But the prize for the most spectacular romance with sorcery goes to Harris for asserting that the brain is not the generator of consciousness. It was ideas like this that led the brain scientist Raymond Tallis to liken his work to “Neurotrash”. Science can resolve this question by a rather simple experiment: Let a believer in this theory submit to have his brain surgically extracted from his skull and observe for how long he retains the faculty of perception.

It’s not uncommon for Harris to speak tenderly of crankery.

Another crucial piece of detail missing from my original article centres on the question of anti-Semitism. In his book, The End of Faith, Harris charges critics of Israel with being Jew haters.

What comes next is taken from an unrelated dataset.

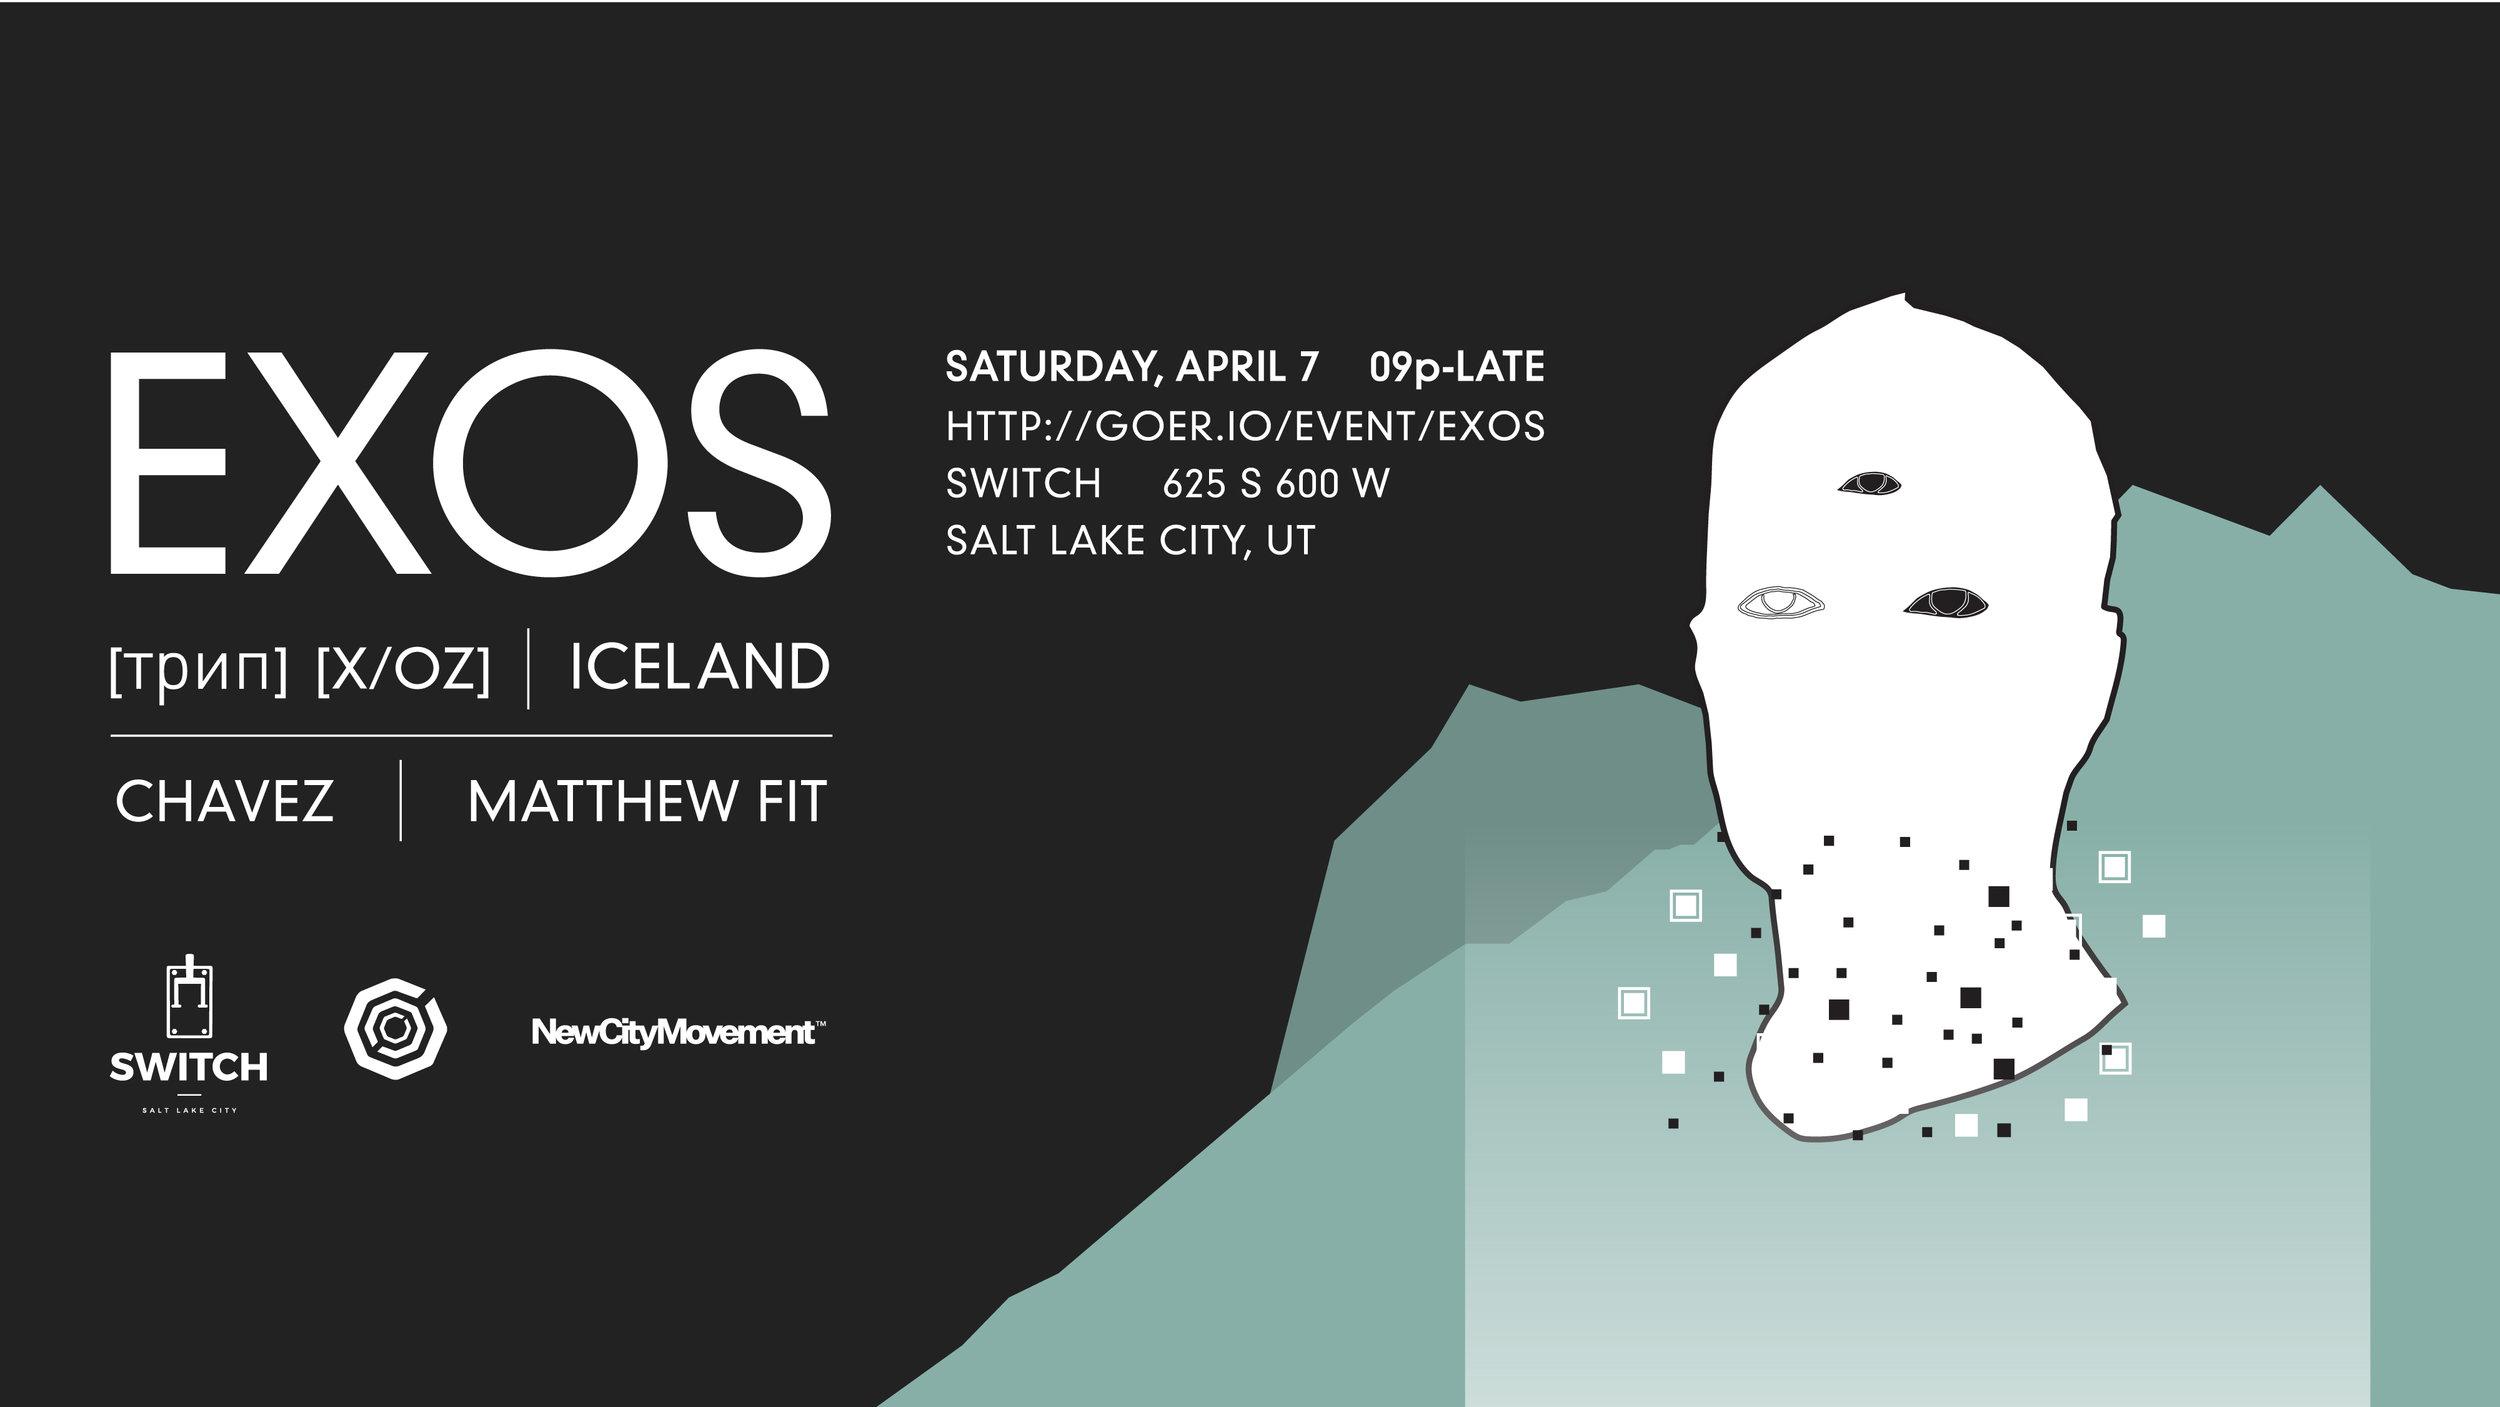 EXOS-ICELAND-SALT-LAKE-CITY-TECHNO-SWITCH
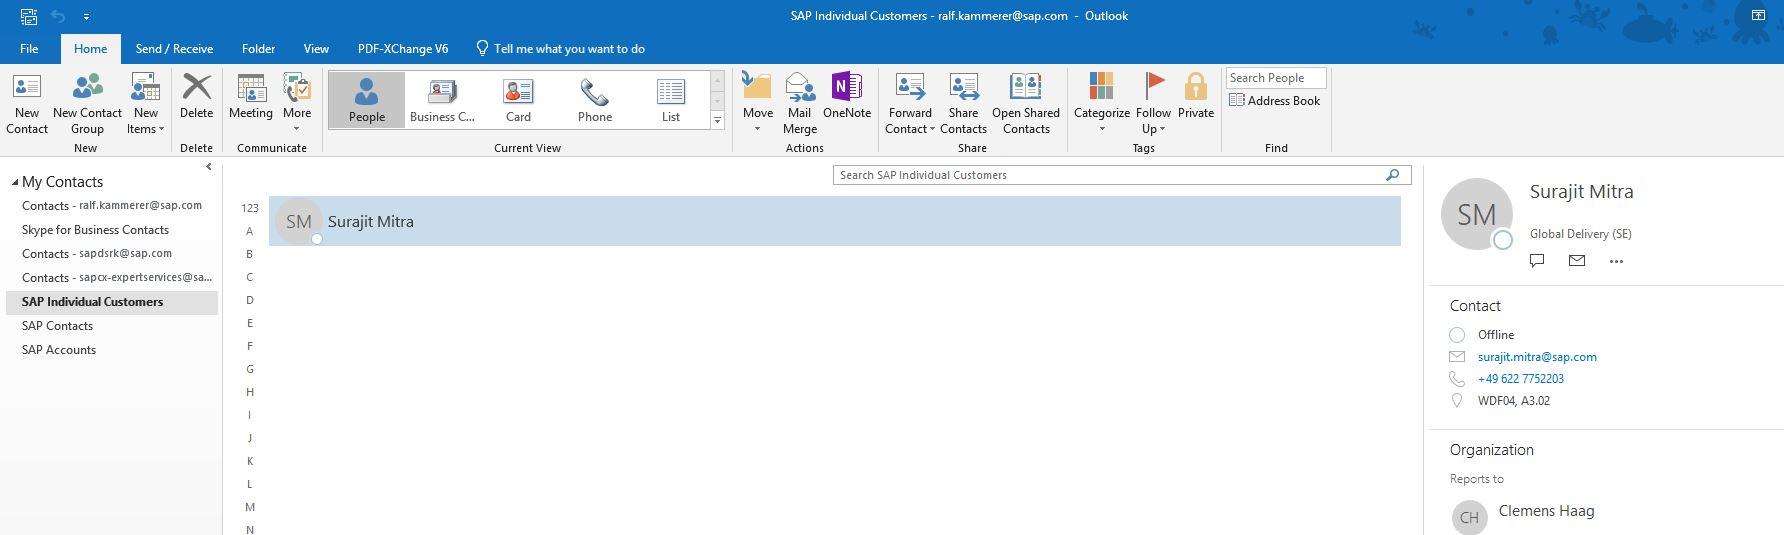 C4C Server side Integration with Microsoft Outlook | SAP Blogs

The slur is familiar to those who think Palestinians deserve human rights, but given that Harris draws his material on the subject from Alan Dershowitz’s The Case For Israel, proven to be a hoax by Norman Finkelstein, who doused the author’s reputation in gasoline and struck the fatal match, that is not too surprising.

What is surprising is that after slandering critics of Israel’s brutality against Arabs as anti-Semites, Harris proceeds, with no trace of irony, to blame the monumental suffering of the Holocaust on the Jewish people. First consider the anti-Semitic accusation, taken from his intellectual hero Paul Berman who led the chorus for invading Iraq in a book described by Harris as “a beautiful primer on totalitarianism”:

Berman observes, for instance, that much of the world now blames Israel for the suicidal derangement of the Palestinians. Rather than being an expression of mere anti-Semitism (though it is surely this as well), this view is the product of a quaint moral logic: people are just people, so the thinking goes, and they do not behave that badly unless they have some very good reasons. The excesses of Palestinian suicide bombers, therefore, must attest to the excesses of the Israeli occupation. Berman points out that this sort of thinking has led the Israelis to be frequently likened to the Nazis in the European press. Needless to say, the comparison is grotesque.

(The End of Faith, p. 135)

Decades of Israeli aggression and terror are fine by Harris, but calling the IDF names is just too much. No responsible critic of the occupation likens Israel’s crimes to the industrial horrors of the Third Reich’s, but after branding human rights activists as anti-Semitic, Harris steps beyond the standard AIPAC hymn sheet and in a surreal turn of logic that is redolent of neo-Nazi websites blames the Holocaust on Jews for not assimilating into German culture:

The gravity of Jewish suffering over the ages, culminating in the Holocaust, makes it almost impossible to entertain any suggestion that Jews might have brought their troubles upon themselves. This is, however, in a rather narrow sense, the truth. Prior to the rise of the church, Jews became the objects of suspicion and occasional persecution for their refusal to assimilate, for the insularity and professed superiority of their religious culture – that is, for the content of their own unreasonable, sectarian beliefs. The dogma of a “chosen people,” while at least implicit in most faiths, achieved a stridence [sic] in Judaism that was unknown in the ancient world.

(The End of Faith, p. 93)

Can there be any doubt what howls of abuse would trail any critic of Zionism who even hinted at anything so revolting as the idea Jews brought Auschwitz upon themselves? But when you fly the Star of David high on your flagpole and pound your keyboard heroically against the Islamo-Nazi menace, you can expect your apologetics for anti-Semitism to go unremarked by the Anti Defamation League. Indeed, no less a figure in the Israel Lobby than Dershowitz will blurb your work enthusiastically.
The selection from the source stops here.